Corruption Invariant Learning for Re-identification

Overview

Corruption Invariant Learning for Re-identification

The official repository for Benchmarks for Corruption Invariant Person Re-identification (NeurIPS 2021 Track on Datasets and Benchmarks), with exhaustive study on corruption invariant learning in single- and cross-modality ReID datasets, including Market-1501-C, CUHK03-C, MSMT17-C, SYSU-MM01-C, RegDB-C.

PWC PWC PWC PWC PWC

Maintenance Plan

The benchmark will be maintained by the authors. We will get constant lectures about the new proposed ReID models and evaluate them under the CIL benchmark settings in time. Besides, we gladly take feedback to the CIL benchmark and welcome any contributions in terms of the new ReID models and corresponding evaluations.

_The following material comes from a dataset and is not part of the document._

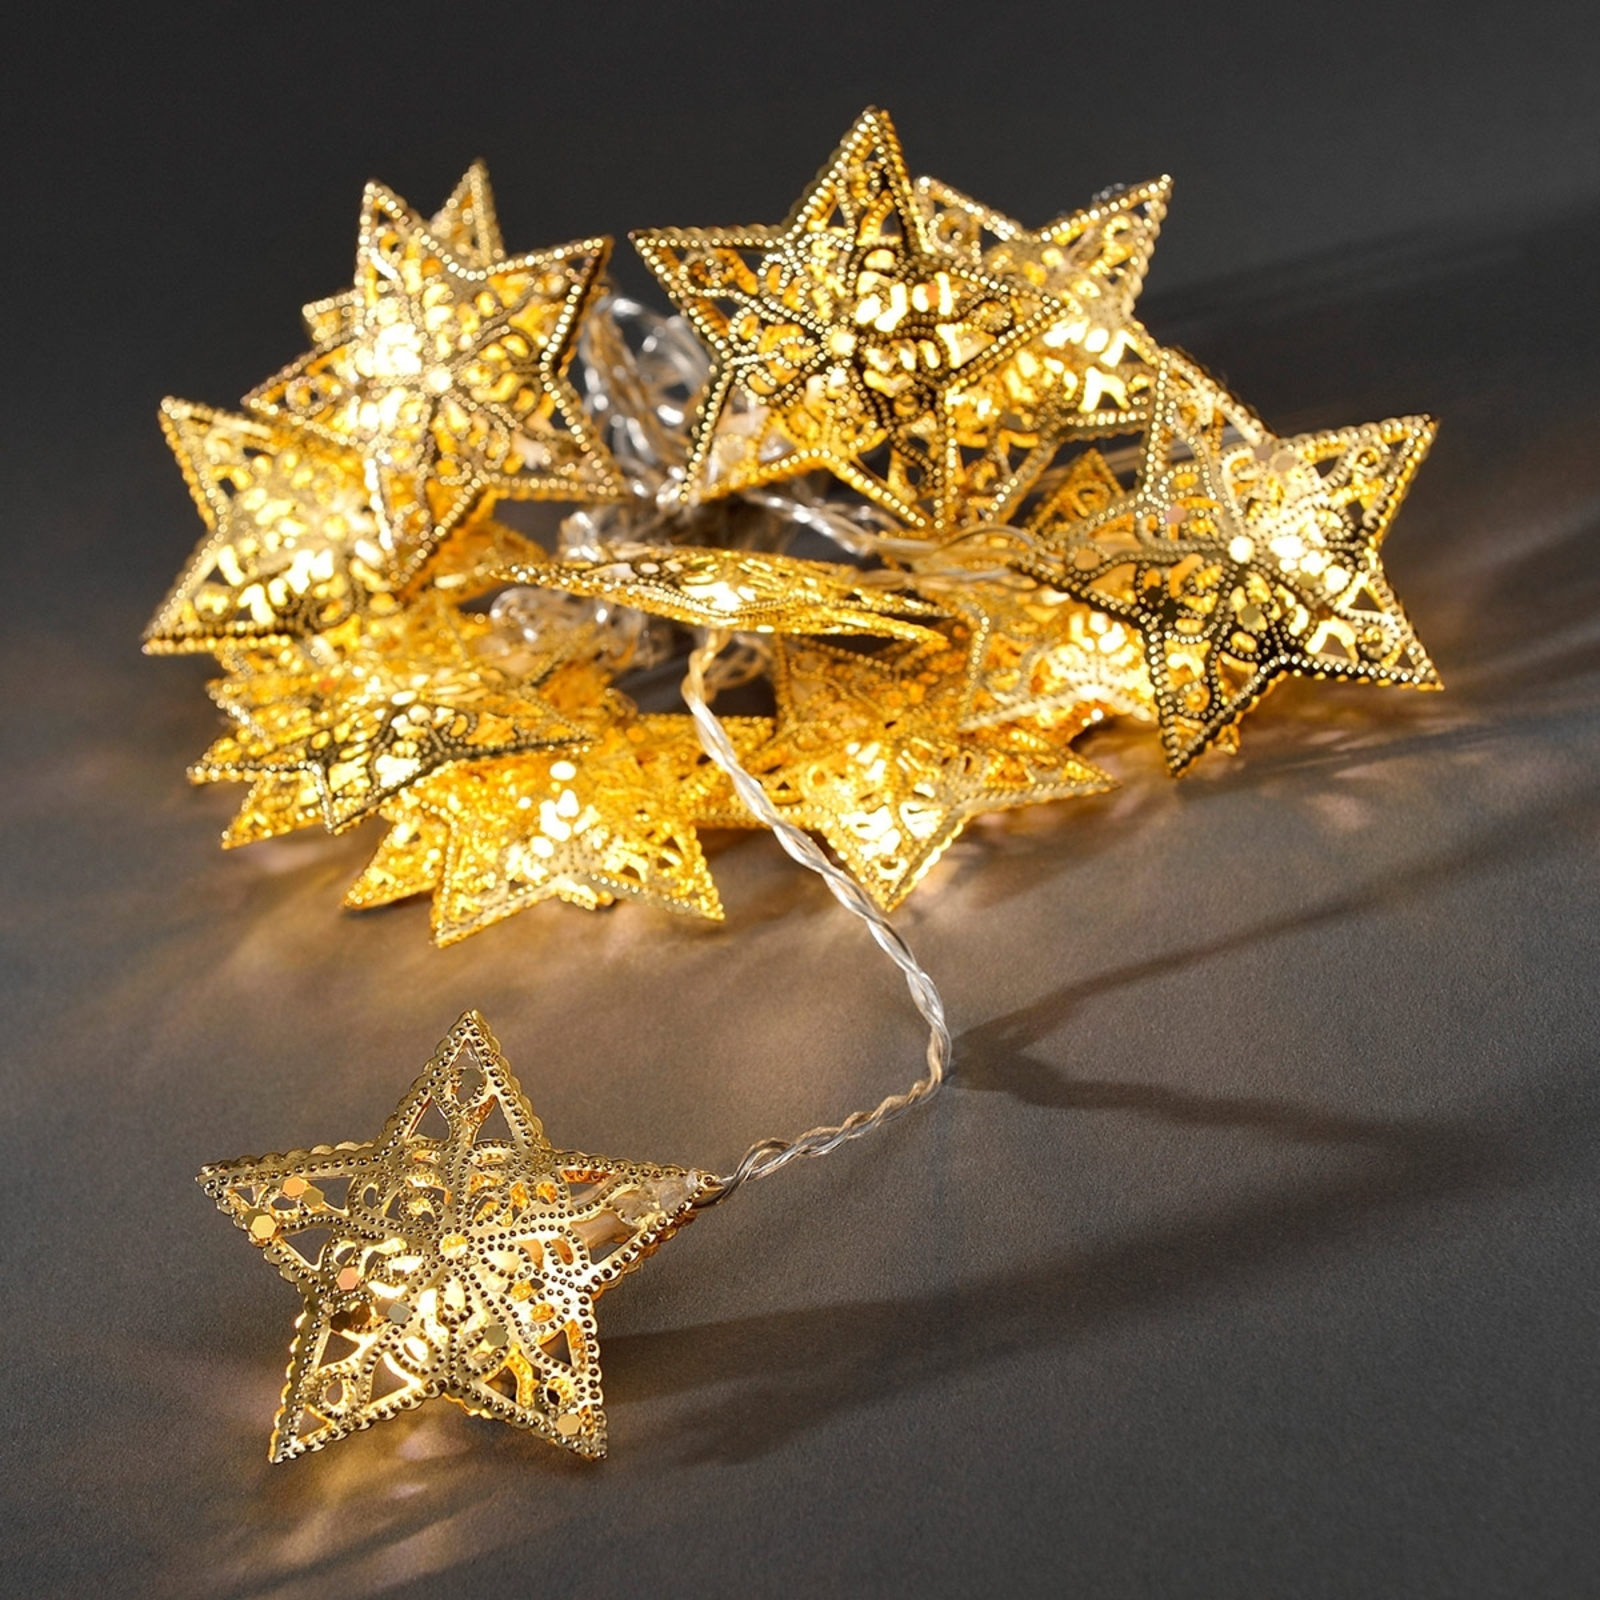 16-bulb LED string lights with golden stars

Please feel free to contact us, [email protected] .

TODO:

  • other datasets configurations
  • get started tutorial
  • more detailed statistical evaluations
  • checkpoints of the baseline models
  • cross-modality preson Re-ID dataset, CUHK-PEDES
  • other ReID datasets, like VehicleID, VeRi-776, etc.

(Note: codebase from TransReID)

Quick Start

1. Install dependencies

  • python=3.7.0
  • pytorch=1.6.0
  • torchvision=0.7.0
  • timm=0.4.9
  • albumentations=0.5.2
  • imagecorruptions=1.1.2
  • h5py=2.10.0
  • cython=0.29.24
  • yacs=0.1.6

2. Prepare dataset

Download the datasets, Market-1501, CUHK03, MSMT17. Set the root path of the dataset in congigs/Market/resnet_base.yml, DATASETS: ROOT_DIR: ('root'), or set it in scripts/train_market.sh, DATASETS.ROOT_DIR "('root')".

3. Train

Train a CIL model on Market-1501,

sh ./scripts/train_market.sh

4. Test

Test the CIL model on Market-1501,

sh ./scripts/eval_market.sh

Evaluating Corruption Robustness On-the-fly

Corruption Transform

The main code of corruption transform. (See contextual code in ./datasets/make_dataloader.py, line 59)

from imagecorruptions.corruptions import *

corruption_function = [gaussian_noise, shot_noise, impulse_noise, defocus_blur,
    glass_blur, motion_blur, zoom_blur, snow, frost, fog, brightness, contrast,
    elastic_transform, pixelate, jpeg_compression, speckle_noise,
    gaussian_blur, spatter, saturate, rain]
    
class corruption_transform(object):
    def __init__(self, level=0, type='all'):
        self.level = level
        self.type = type

    def __call__(self, img):
        if self.level > 0 and self.level < 6:
            level_idx = self.level
        else:
            level_idx = random.choice(range(1, 6))
        if self.type == 'all':
            corrupt_func = random.choice(corruption_function)
        else:
            func_name_list = [f.__name__ for f in corruption_function]
            corrupt_idx = func_name_list.index(self.type)
            corrupt_func = corruption_function[corrupt_idx]
        c_img = corrupt_func(img.copy(), severity=level_idx)
        img = Image.fromarray(np.uint8(c_img))
        return img

Evaluating corruption robustness can be realized on-the-fly by modifing the transform function uesed in test dataloader. (See details in ./datasets/make_dataloader.py, Line 266)

val_with_corruption_transforms = T.Compose([
    corruption_transform(0),
    T.Resize(cfg.INPUT.SIZE_TEST),
    T.ToTensor(),])

Rain details

We introduce a rain corruption type, which is a common type of weather condition, but it is missed by the original corruption benchmark. (See details in ./datasets/make_dataloader.py, Line 27)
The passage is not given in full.